Rebecca Newberger Goldstein.
Plato at the Googleplex: why philosophy won’t go away.
Vintage. 2014
Why do research in philosophy? Wasn’t everything that needed to be said, already said by Plato? Hasn’t the time since then been spent by science filling in the gaps, and firming up the arguments?
This is the critique of philosophy that Goldstein is arguing against in this readable book. She brings Plato back to life and introduces him to the modern day: discussing the need for Philosopher-Kings and whether they could be replaced by computer AI, debating how to raise excellent children, giving relationship advice as an agony aunt in a magazine, being interviewed on cable news about science and philosophy, and finally, in conversation with a neuroscientist about mind v brain while waiting for a brain scan. Interspersed with these lively dialogues (an ancient idea, borrowed from Plato himself), Goldstein writes more traditionally-styled chapters, discussing the historical Plato and Socrates, and the cultural context in which their ideas were developed.
This is a fascinating read. I actually found the traditional chapters more informative, as the others are played for culture-clash laughs as much as for exploring the philosophical issues. What I found most interesting was the discussions of that cultural context: the explanation of precisely
why those Greeks, insecurely looking back at their own Golden Age, found Socrates to be such an annoying little gadfly, and were so worried about the way he was corrupting their youth, that they were willing to democratically vote to put him to death.

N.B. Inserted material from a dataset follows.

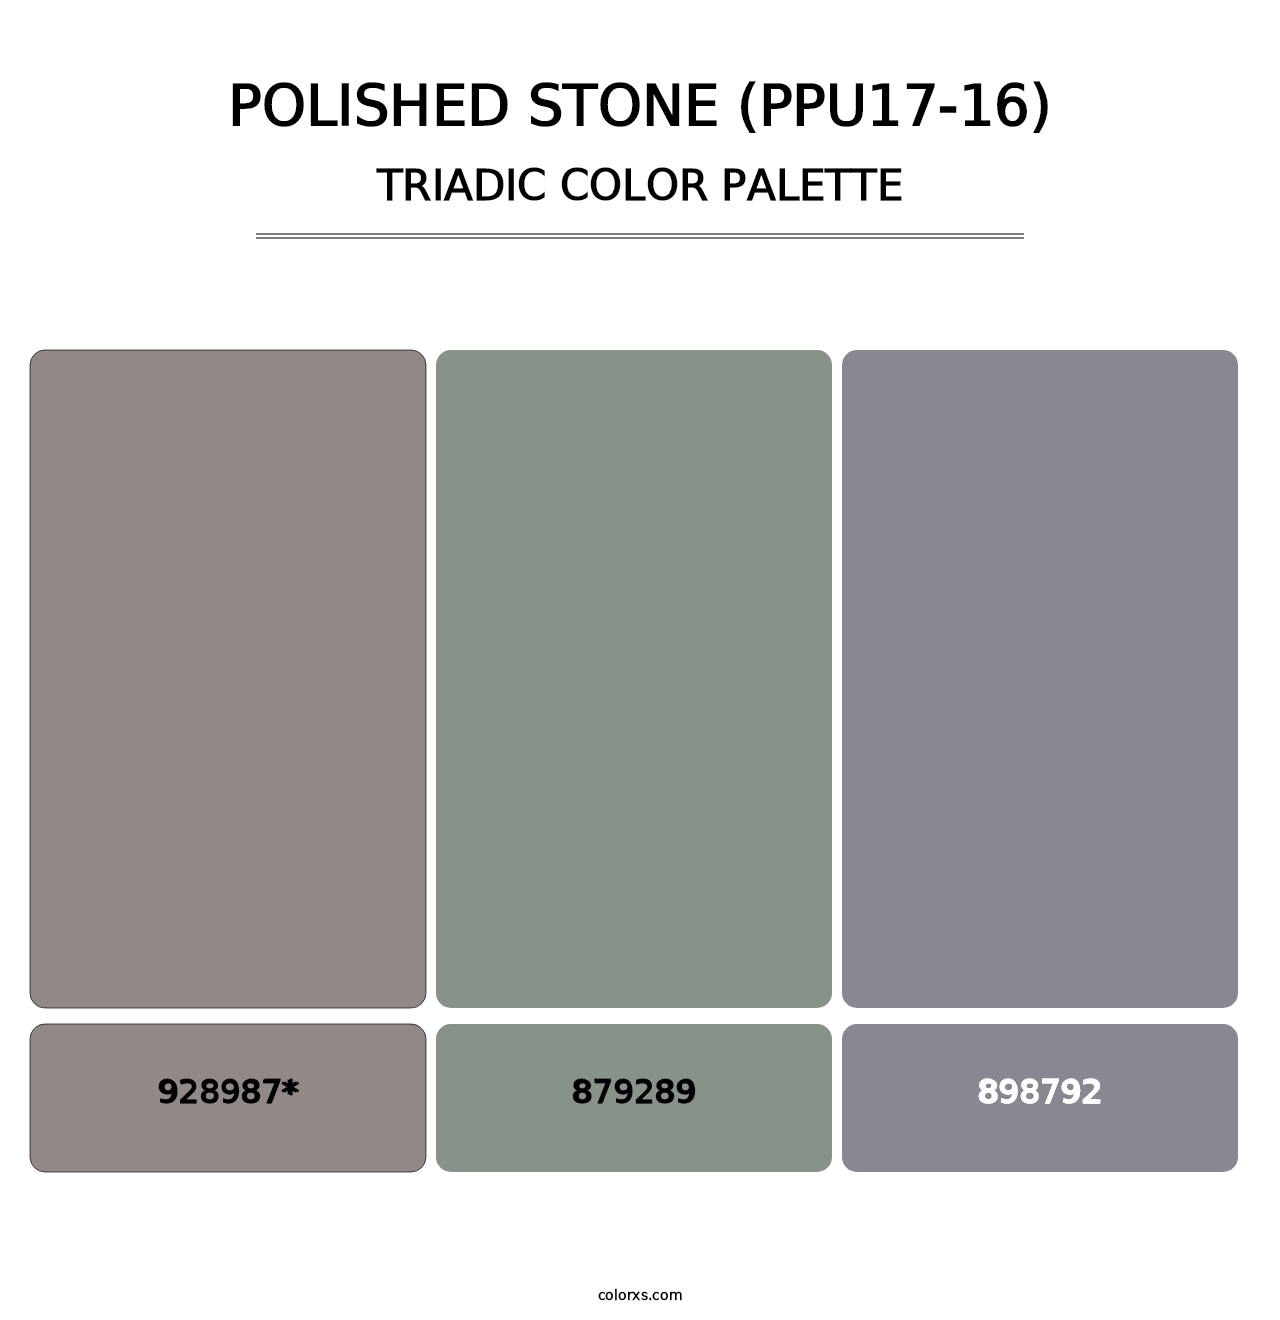 Polished Stone (PPU17-16) - Triadic Color Palette

The writing is lovely throughout, and I learned a lot, about Plato, Socrates and ancient Greece, about philosophy, and about the reason for doing philosophy (that is, for arguing a subject into the ground). There is a lovely passage near the end explaing why it is so important that we argue out all points, and that no ideas should get a free pass:
p377. There are strong—oh, so strong—reasons to affirm that yes, we ought to exclude privileged points of view as we seek to know the world. No claim to knowledge should be allowed a free pass, getting by without giving an account of itself, a justification, that can appeal to all who sign on to the project of reason, no matter the special features of their subjective points of view. It is not just a matter of the objectivity of reality that motivates the demand for objectivity of knowledge. Far more persuasive reasons arise from the obvious hazards of subjectivity, which is a breeding ground for prejudice, superstition, and egotistical self-aggrandizement. We are too prone to favoring our own particularity and, if we are talented enough, can raise up a cunningly convincing ideology that will shape all the world to fit our particular dimensions. It is a dangerous mistake to allow subjectivity to strut its stuff with such smug thuggishness. Exposing our most cherished beliefs to the rough treatment of multiple points of view—each of which is prone to see the world from the vantage of its own advantage—is our only hope for defeating the hazards of self-serving subjectivity—complacent at best, murderously certain at worst. And so philosophy … has typically been saying yes to the exclusion of privileged points of view ever since Plato himself set up perhaps the most powerful image in the history of thought, the Myth of the Cave…
Yet despite all this, I felt there was something lacking. In the very first paragraph of the Prologue, Goldstein says:
p3. A book devoted to a particular thinker often presumes that thinker got everything right. I don’t think this is true of Plato. Plato got about as much wrong as we would expect from a philosopher who lived 2,400 years ago. Were this not the case, then philosophy, advancing our knowledge not at all, would be useless. I don’t think it’s useless, so I’m quite happy to acknowledge how mistaken or confused Plato can often strike us.
And yet, the majority of the book seems to be about what Plato did get right. The points Plato concedes in the dialogues seem minor compared to the overall point; the majority of the standard chapters are about Plato’s philosophical achievements, and relatively small improvements since.
I take it that the argument is that we still need new philosophy (so still need philosophy researchers), not just that we need to apply existing philosophical principles and approaches (that we only need philosophy teachers). So I don’t think this book achieves what it sets out to do: to demonstrate that philosophy
research is relevant today (although I agree that it is). However, that doesn’t matter; what the book does deliver is very good: Plato in his historical context, and Plato coping with the modern world, at the Googleplex, and beyond.